Data shown section start

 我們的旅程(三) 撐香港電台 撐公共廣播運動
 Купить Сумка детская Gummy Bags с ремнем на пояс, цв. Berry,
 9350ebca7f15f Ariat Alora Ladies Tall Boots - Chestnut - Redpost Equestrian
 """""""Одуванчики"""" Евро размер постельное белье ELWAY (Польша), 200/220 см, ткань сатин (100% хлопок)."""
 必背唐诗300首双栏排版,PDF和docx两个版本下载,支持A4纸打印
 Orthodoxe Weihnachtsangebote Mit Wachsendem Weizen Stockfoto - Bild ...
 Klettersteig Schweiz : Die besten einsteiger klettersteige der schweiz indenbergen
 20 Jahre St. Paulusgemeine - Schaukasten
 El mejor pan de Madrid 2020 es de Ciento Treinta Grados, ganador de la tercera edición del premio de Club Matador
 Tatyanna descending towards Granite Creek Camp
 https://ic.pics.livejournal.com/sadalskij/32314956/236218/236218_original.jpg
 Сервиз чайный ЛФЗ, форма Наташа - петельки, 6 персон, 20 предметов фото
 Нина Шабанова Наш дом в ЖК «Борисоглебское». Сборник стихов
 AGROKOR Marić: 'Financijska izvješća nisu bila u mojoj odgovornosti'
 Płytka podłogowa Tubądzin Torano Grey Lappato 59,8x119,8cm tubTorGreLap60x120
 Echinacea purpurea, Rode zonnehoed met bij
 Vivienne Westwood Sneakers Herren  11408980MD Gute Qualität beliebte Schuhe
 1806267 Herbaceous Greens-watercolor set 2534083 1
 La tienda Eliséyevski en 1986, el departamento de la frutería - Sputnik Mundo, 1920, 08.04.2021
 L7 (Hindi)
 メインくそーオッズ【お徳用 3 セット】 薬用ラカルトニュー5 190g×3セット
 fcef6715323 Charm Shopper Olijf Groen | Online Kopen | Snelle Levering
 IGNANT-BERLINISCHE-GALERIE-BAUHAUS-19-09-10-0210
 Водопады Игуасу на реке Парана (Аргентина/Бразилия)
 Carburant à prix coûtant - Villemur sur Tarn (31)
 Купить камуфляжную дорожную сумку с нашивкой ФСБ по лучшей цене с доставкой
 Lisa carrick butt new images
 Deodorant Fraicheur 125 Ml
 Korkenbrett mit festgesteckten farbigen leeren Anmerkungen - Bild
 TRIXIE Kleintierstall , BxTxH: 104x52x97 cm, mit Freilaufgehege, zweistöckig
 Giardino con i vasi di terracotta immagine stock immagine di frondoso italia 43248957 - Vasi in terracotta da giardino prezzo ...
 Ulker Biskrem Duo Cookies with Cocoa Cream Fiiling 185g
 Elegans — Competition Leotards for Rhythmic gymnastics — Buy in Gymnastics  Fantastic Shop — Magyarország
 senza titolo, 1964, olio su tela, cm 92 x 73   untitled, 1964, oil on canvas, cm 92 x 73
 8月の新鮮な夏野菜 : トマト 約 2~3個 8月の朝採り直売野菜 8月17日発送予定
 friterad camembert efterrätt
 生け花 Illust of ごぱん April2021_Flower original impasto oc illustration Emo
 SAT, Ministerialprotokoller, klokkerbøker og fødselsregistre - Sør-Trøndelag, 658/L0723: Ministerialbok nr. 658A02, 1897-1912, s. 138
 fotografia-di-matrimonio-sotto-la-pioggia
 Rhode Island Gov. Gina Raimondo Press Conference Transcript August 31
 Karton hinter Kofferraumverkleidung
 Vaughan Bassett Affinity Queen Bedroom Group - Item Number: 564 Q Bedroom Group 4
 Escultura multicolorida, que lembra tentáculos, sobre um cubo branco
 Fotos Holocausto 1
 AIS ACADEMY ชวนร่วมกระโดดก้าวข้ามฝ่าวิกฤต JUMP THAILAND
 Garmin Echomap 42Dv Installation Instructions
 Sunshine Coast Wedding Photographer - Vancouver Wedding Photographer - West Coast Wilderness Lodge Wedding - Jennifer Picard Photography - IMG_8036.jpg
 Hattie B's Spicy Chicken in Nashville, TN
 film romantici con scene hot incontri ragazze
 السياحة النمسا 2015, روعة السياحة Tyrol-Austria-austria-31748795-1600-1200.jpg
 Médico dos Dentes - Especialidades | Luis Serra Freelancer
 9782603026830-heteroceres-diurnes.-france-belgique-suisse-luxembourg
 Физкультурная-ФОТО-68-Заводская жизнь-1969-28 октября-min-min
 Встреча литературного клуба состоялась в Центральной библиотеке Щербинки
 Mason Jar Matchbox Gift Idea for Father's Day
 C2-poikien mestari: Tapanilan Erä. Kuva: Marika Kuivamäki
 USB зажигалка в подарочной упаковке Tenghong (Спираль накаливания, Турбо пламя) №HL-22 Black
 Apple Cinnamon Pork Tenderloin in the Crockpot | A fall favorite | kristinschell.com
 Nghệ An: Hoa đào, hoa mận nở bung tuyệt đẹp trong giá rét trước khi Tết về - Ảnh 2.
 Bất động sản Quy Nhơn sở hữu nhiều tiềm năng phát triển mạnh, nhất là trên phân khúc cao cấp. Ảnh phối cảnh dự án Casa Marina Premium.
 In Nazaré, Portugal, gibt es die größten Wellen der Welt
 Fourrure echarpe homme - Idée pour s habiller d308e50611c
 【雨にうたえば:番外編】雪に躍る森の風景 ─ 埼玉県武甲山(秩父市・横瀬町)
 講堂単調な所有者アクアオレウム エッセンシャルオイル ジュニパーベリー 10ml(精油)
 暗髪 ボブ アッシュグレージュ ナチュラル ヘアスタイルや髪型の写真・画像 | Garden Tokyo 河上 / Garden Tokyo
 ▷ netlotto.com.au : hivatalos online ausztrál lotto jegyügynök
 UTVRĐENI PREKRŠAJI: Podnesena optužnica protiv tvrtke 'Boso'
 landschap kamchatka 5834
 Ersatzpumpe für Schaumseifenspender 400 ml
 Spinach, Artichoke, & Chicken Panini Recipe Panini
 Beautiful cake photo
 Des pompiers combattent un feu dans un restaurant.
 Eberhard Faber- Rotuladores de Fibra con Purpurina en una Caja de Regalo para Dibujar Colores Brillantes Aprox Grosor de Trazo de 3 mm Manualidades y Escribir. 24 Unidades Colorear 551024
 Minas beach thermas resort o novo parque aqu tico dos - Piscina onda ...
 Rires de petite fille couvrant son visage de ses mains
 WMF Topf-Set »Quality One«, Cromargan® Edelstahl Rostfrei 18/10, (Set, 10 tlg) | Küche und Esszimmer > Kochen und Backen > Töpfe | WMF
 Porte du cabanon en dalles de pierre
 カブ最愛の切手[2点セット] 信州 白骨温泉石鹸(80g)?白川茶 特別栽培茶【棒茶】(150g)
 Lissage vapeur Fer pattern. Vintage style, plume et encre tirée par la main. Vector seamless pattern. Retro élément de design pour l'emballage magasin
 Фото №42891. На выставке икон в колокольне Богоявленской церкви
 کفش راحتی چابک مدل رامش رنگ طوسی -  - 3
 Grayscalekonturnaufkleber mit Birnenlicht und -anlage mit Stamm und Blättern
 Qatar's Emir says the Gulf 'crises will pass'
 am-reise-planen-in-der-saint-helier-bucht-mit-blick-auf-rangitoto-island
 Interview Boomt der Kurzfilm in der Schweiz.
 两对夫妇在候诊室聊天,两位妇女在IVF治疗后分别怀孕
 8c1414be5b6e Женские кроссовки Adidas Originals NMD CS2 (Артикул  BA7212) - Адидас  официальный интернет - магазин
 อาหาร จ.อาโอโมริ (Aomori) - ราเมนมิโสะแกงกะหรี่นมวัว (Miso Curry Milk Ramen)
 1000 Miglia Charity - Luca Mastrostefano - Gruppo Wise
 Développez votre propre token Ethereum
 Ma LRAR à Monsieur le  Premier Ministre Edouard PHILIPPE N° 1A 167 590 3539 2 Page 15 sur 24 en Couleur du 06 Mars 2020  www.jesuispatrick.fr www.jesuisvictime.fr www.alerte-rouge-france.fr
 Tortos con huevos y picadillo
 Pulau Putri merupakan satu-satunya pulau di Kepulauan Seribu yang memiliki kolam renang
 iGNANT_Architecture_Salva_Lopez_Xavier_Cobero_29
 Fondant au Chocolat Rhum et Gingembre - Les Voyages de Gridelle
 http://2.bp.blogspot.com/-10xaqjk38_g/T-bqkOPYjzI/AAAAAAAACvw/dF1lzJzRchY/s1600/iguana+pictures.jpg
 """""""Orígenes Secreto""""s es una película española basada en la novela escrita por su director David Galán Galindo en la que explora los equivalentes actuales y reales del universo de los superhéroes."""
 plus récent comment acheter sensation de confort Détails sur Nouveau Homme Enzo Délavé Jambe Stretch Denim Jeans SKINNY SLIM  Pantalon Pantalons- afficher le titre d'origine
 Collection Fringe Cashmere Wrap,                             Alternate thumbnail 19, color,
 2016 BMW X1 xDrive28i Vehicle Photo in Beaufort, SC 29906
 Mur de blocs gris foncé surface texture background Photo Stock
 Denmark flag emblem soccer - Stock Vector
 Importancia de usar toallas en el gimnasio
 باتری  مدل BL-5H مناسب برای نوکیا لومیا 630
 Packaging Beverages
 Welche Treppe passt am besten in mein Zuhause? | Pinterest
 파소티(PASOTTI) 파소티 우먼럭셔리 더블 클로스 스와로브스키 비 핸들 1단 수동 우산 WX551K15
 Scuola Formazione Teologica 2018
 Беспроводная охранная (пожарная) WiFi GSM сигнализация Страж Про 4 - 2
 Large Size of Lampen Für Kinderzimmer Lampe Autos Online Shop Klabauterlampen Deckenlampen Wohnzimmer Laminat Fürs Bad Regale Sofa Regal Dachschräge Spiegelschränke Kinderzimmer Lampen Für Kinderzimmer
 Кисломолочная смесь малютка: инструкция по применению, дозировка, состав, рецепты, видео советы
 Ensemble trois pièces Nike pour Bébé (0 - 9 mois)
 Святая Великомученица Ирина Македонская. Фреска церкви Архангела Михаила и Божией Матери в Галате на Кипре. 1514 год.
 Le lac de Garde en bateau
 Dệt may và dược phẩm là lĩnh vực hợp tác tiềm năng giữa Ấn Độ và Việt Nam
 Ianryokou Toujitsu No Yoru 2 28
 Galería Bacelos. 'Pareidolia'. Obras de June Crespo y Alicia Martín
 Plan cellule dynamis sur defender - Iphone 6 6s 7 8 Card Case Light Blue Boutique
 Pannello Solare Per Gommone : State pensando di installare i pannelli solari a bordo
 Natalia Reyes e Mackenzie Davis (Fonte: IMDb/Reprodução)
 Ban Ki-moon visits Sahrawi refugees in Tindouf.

Data shown section end

## What is required:
Figure out how many lines in the entries above contain "церкви". Write only that number.

## Exercise answer:
2